# Wood Turners Finish vs CA



## hagemierj (Mar 16, 2014)

Was about to order a new bottle of CA to do finishes and ran across some info for Wood Turner's finish:

Exotic Blanks :: Tooling & Finishing :: Woodturners Finish - Combo Pack

I do pretty good with CA and like the high gloss... anyone have experience with Wood Turner's Finish? Any eye witnesses recommend a bottle since I'm about to plunk down cash anyhow? 

J


----------



## ALA (Mar 16, 2014)

I've only done one with WTF. Mine didn't have the shine of CA but I didn't use a buffer on it either. Also, it probably isn't as durable a finish either since it's not a plastic. I would certainly recommend giving it a try.


----------



## mikespenturningz (Mar 16, 2014)

I use Doctors Wood Shop finish. It does a great job. Don't expect any finish to do a great job if you don't put in time to get good at using it. Every pen that I have posted for the last year and a half has used this finish. Now my finishing technique has evolved over that entire time and has actually gotten very good at this point. It takes most people a bit of time to get good at CA also...


----------



## Jim Burr (Mar 16, 2014)

WTF doesn't have the gloss ability that CA does...of course CA can be done in any level of gloss you like. WTF is easier to apply IMHO so that may be of interest to some.


----------



## Gary Zakian (Mar 16, 2014)

*WTF*

I had to stop turning for a while because I was developing respiratory issues with CA (even though I used a respirator).  I tried WTF in January, 2104, and turned six pens with it.  So far I am very pleased with the finish.  I am using these pens as carry pens to see how WTF holds up on a daily basis.  So far so good.

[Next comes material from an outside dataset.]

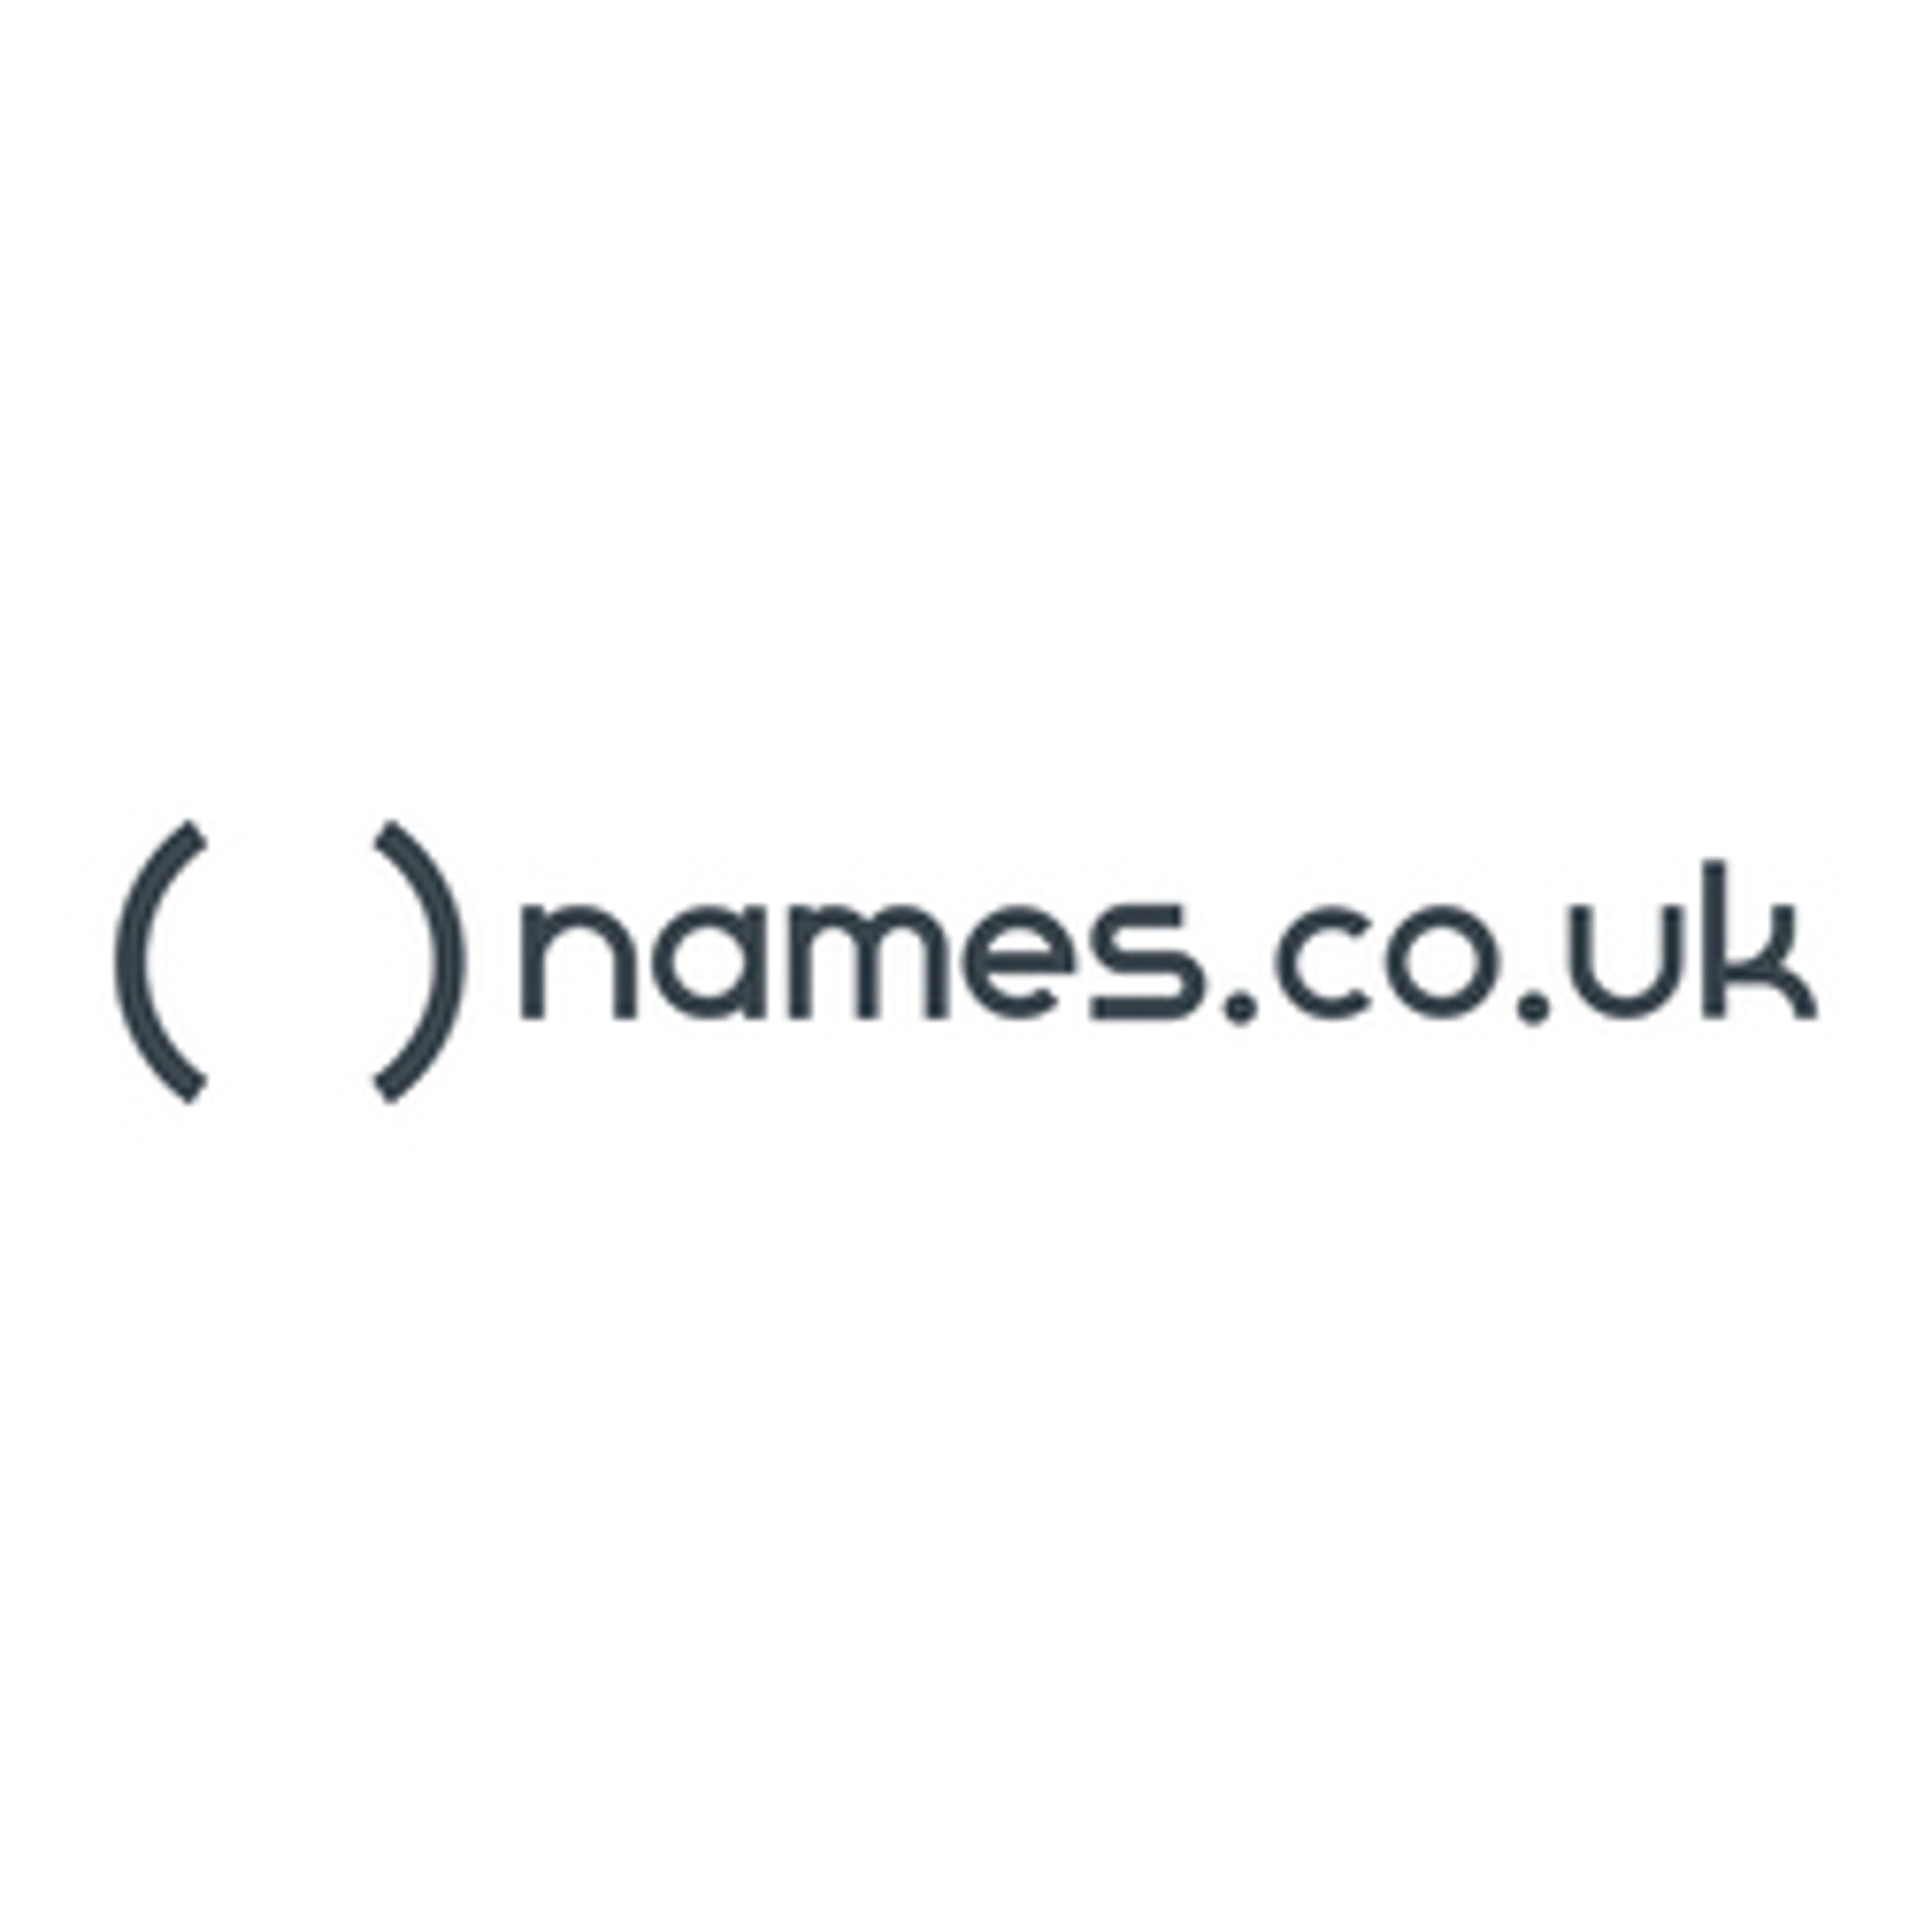 CO.UK Domain Names

As for my application process, I apply WTF with craft foam.  I cut it about 3/8" wide by 1.5" - 2" long, and put one to two drops of WTF on it to apply to the blank.  I tried other methods of application, but I find for me the craft foam puts on the smoothest layers.  I wait 60 - 90 seconds between applications.  I find closer to 90 seconds works best for me.  I apply between 10 - 12 coats, then micromesh very gently and quickly up to 15,000.  I apply Turtlewax Platinum Ultra Gloss Liquid Wax to buff it up a bit when it is all done.  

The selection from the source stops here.